> EXERCISE DETAILS
Omit the images, then repeat the listing exactly.

> MATERIAL PROVIDED
• • • •
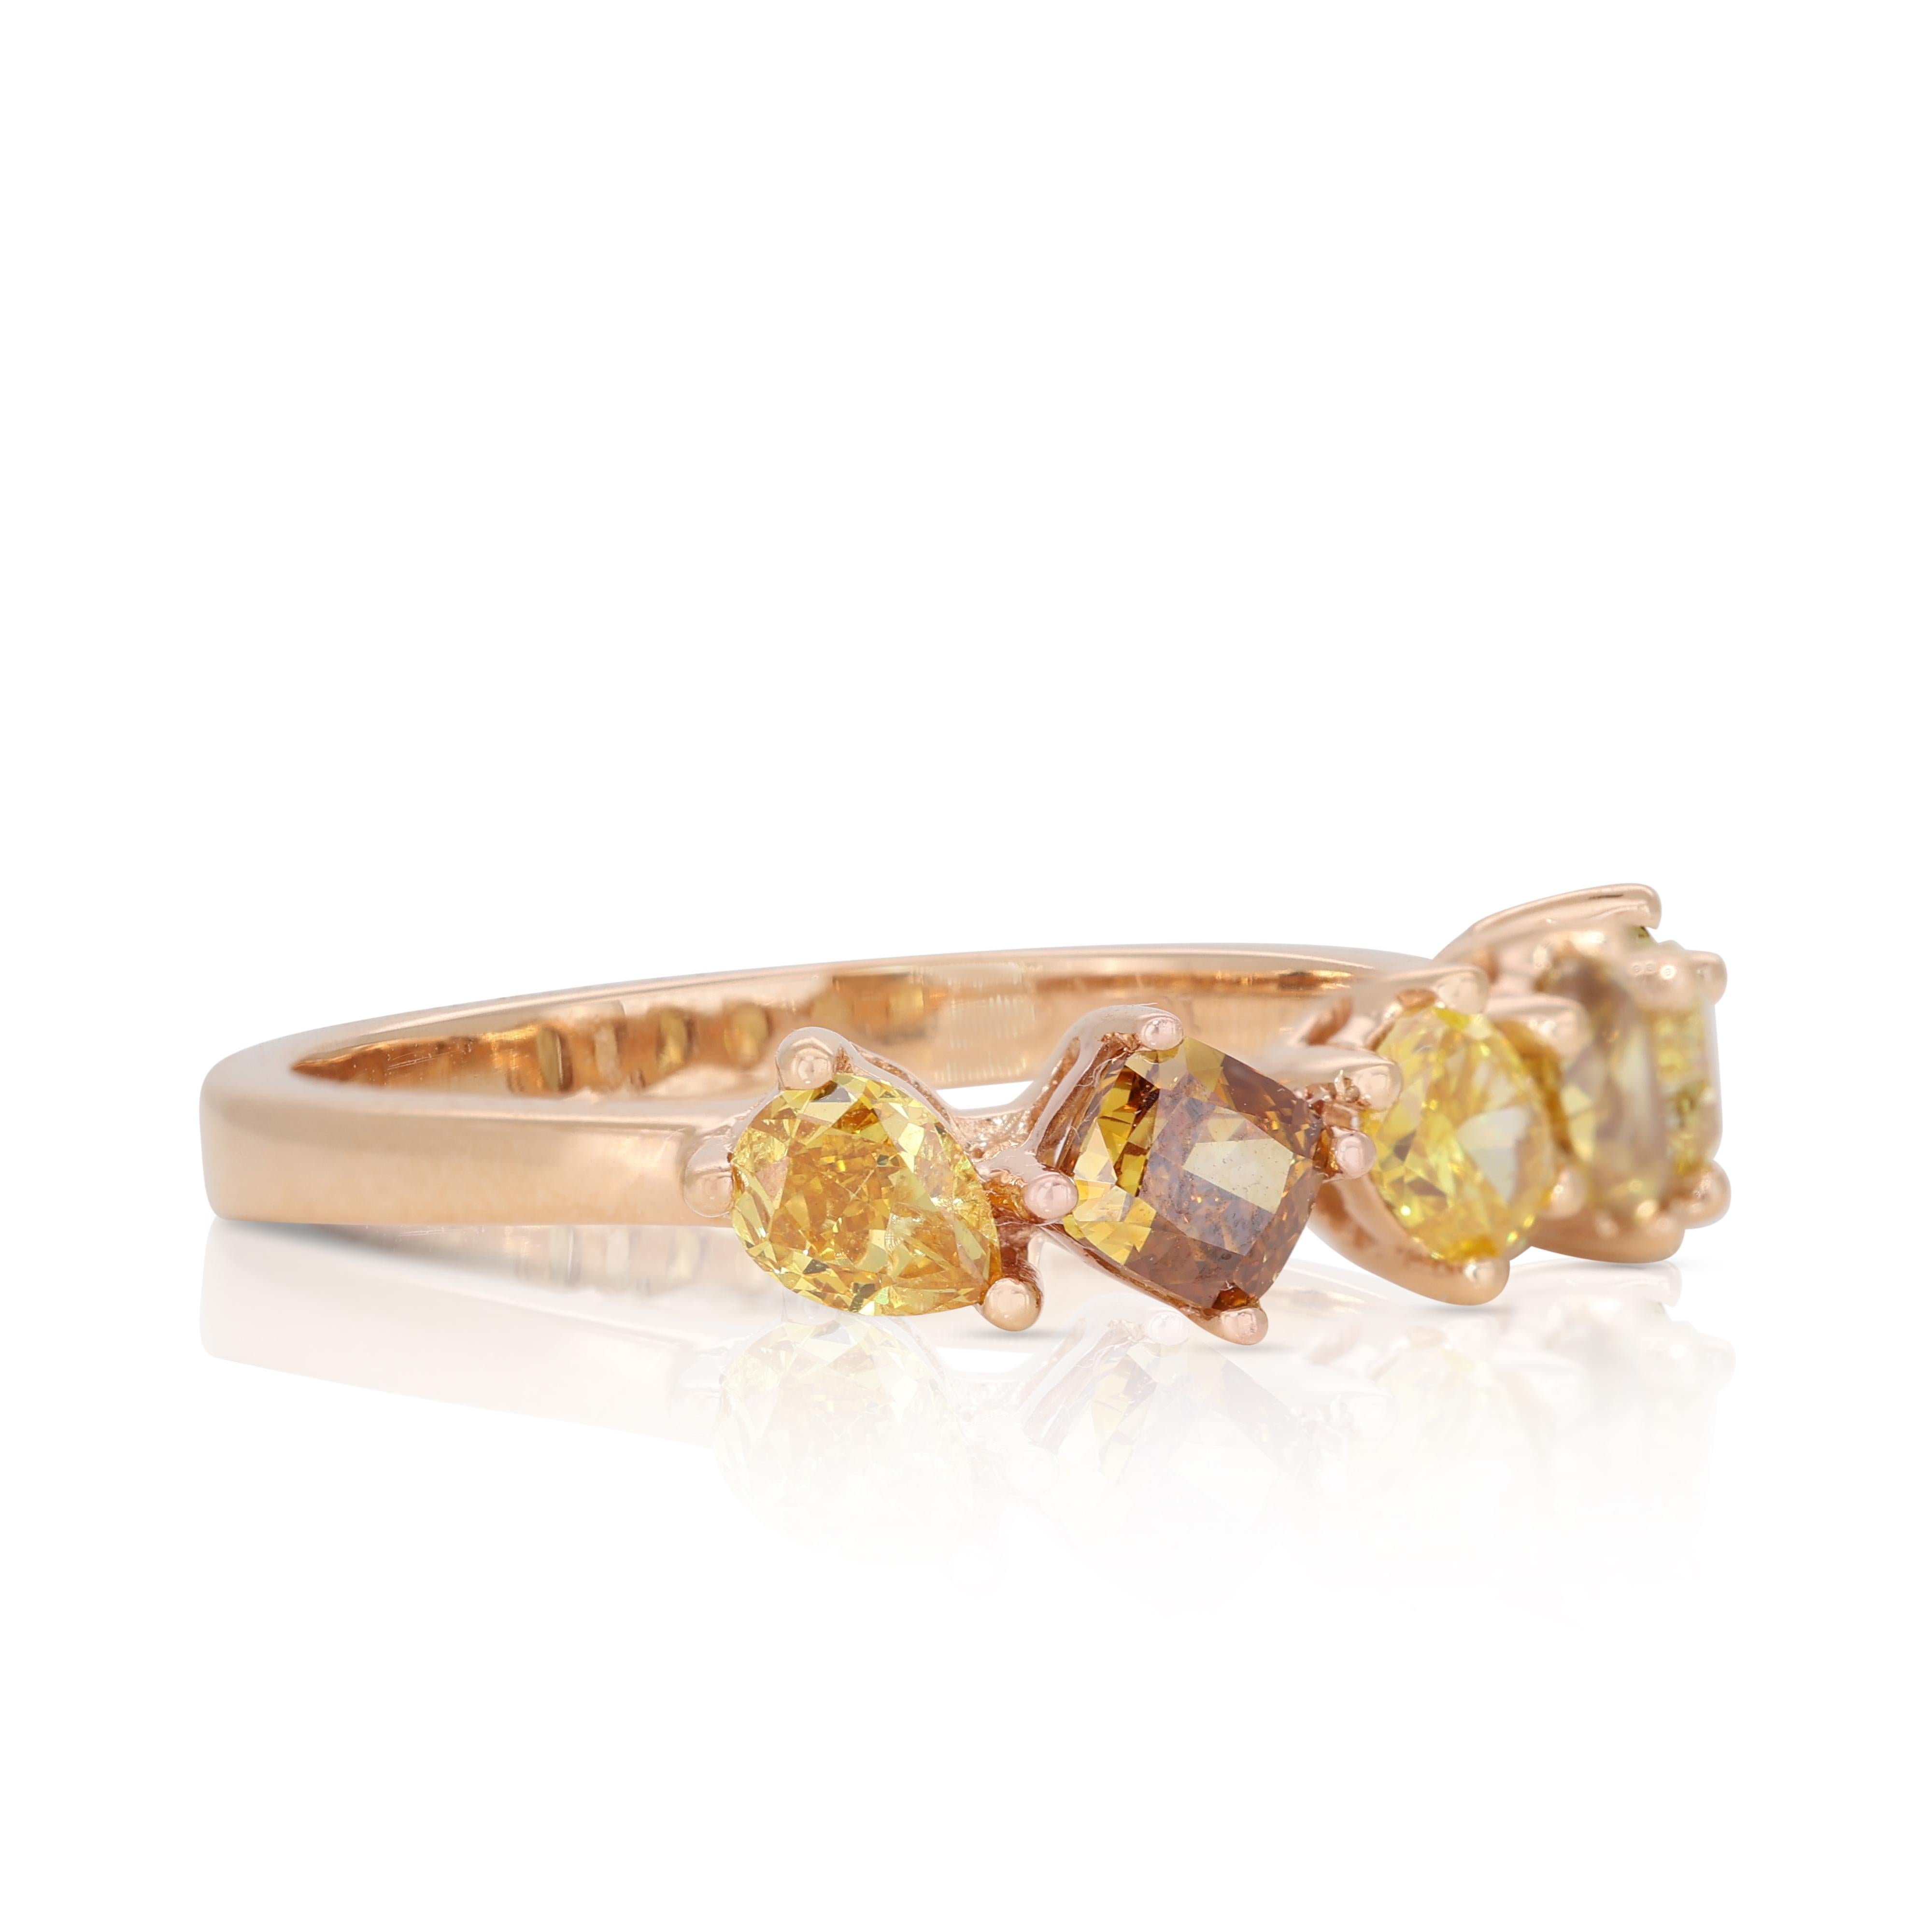 Bright 18k Roségold Fancy Colored Diamantring mit 1,00 ct - IGI zertifiziert

Dieser 18k Rose Gold Fancy Colored Diamond Ring zelebriert die Schönheit der Diamanten in ihren lebhaftesten und bezauberndsten Farben. Dieses exquisite Stück besticht
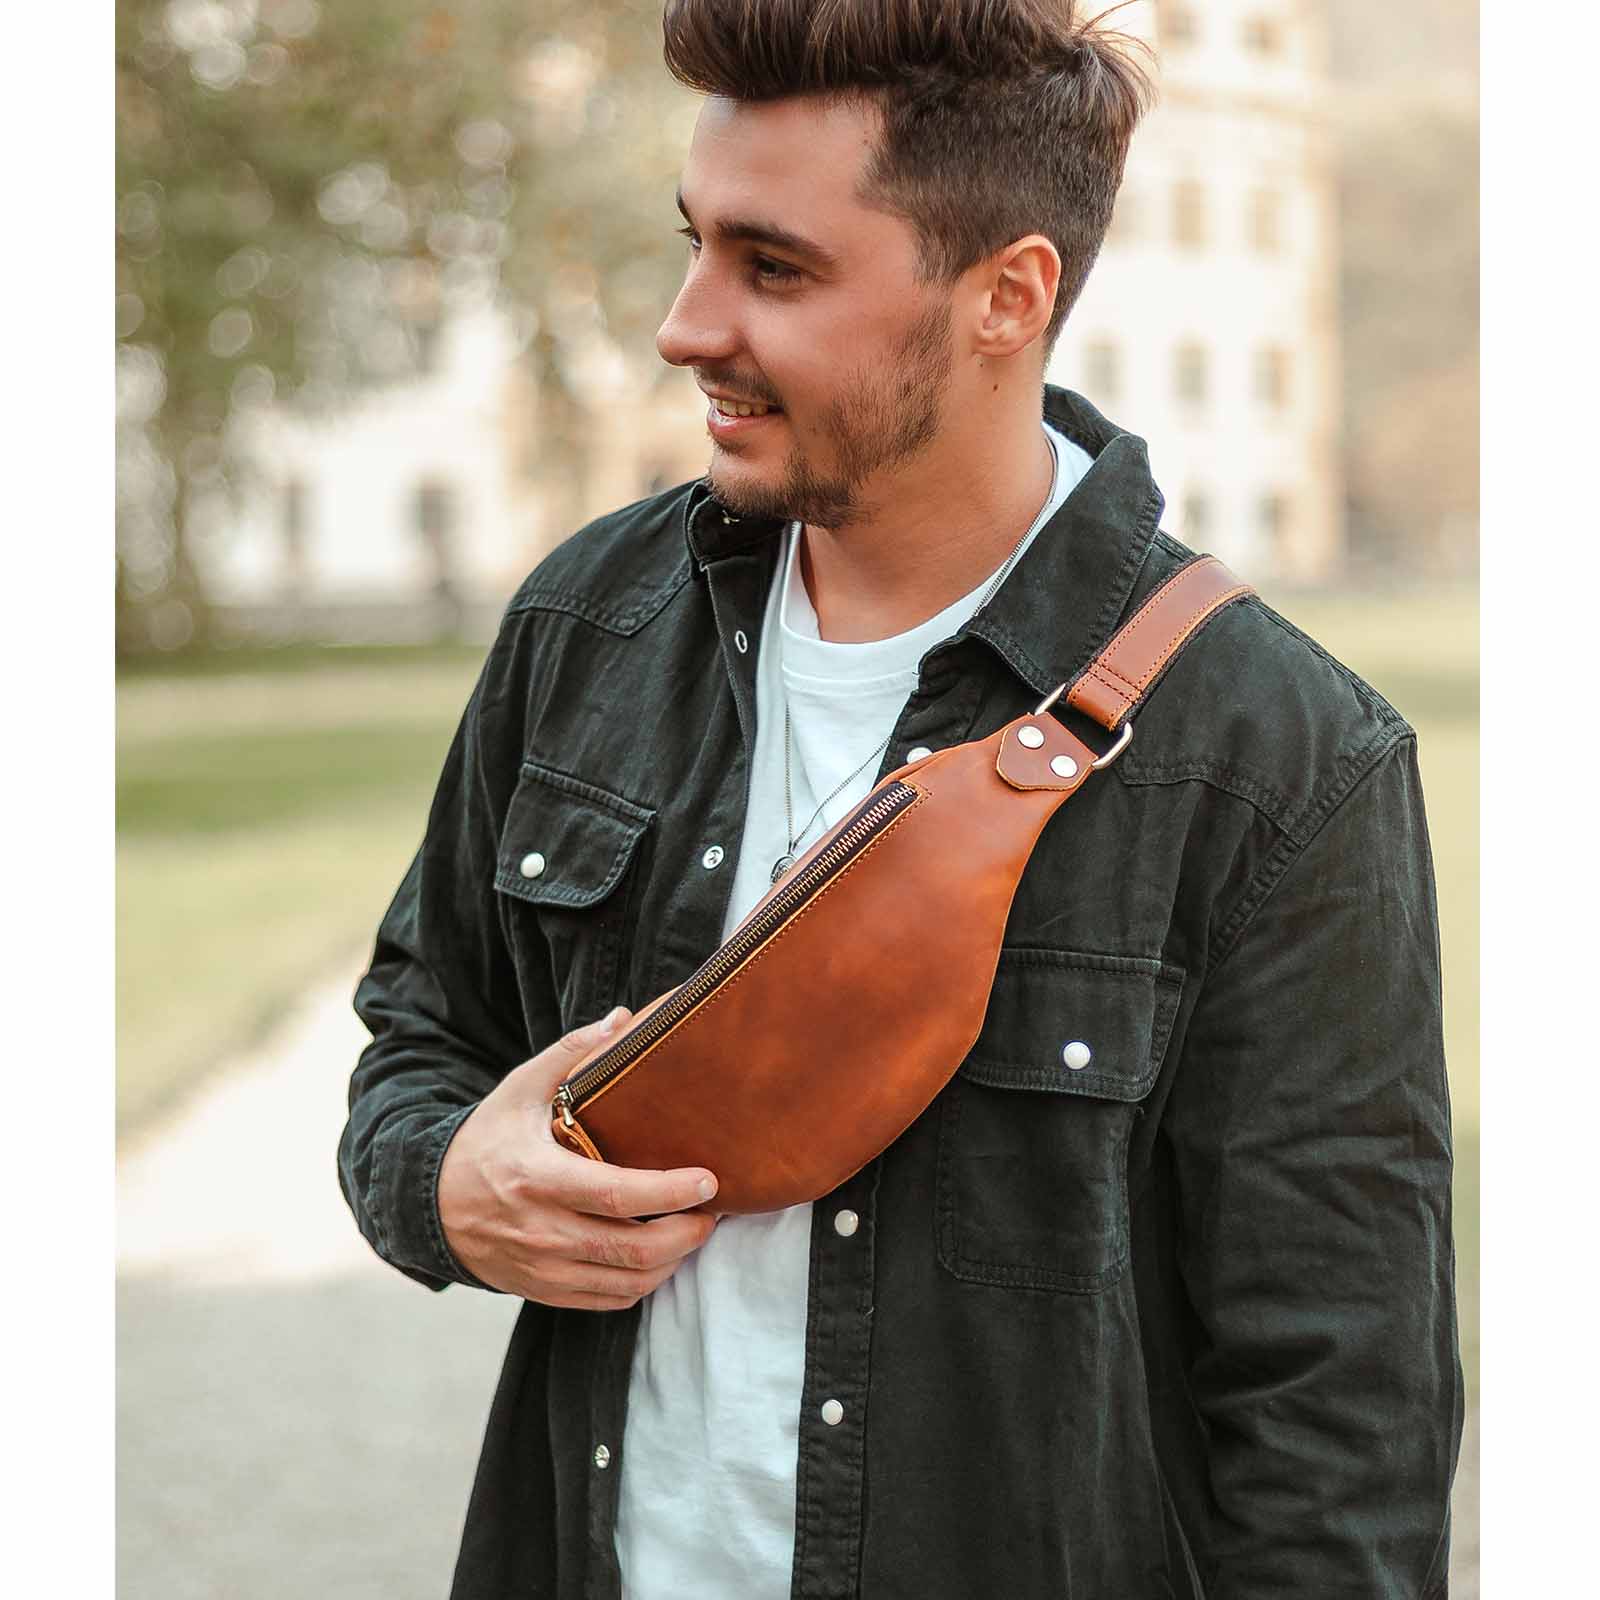 Genuine Leather Designer Belt Bag
• • • •
> THE COMPLETED TASK
 Bright 18k Roségold Fancy Colored Diamantring mit 1,00 ct - IGI zertifiziert

Dieser 18k Rose Gold Fancy Colored Diamond Ring zelebriert die Schönheit der Diamanten in ihren lebhaftesten und bezauberndsten Farben. Dieses exquisite Stück besticht
 Genuine Leather Designer Belt Bag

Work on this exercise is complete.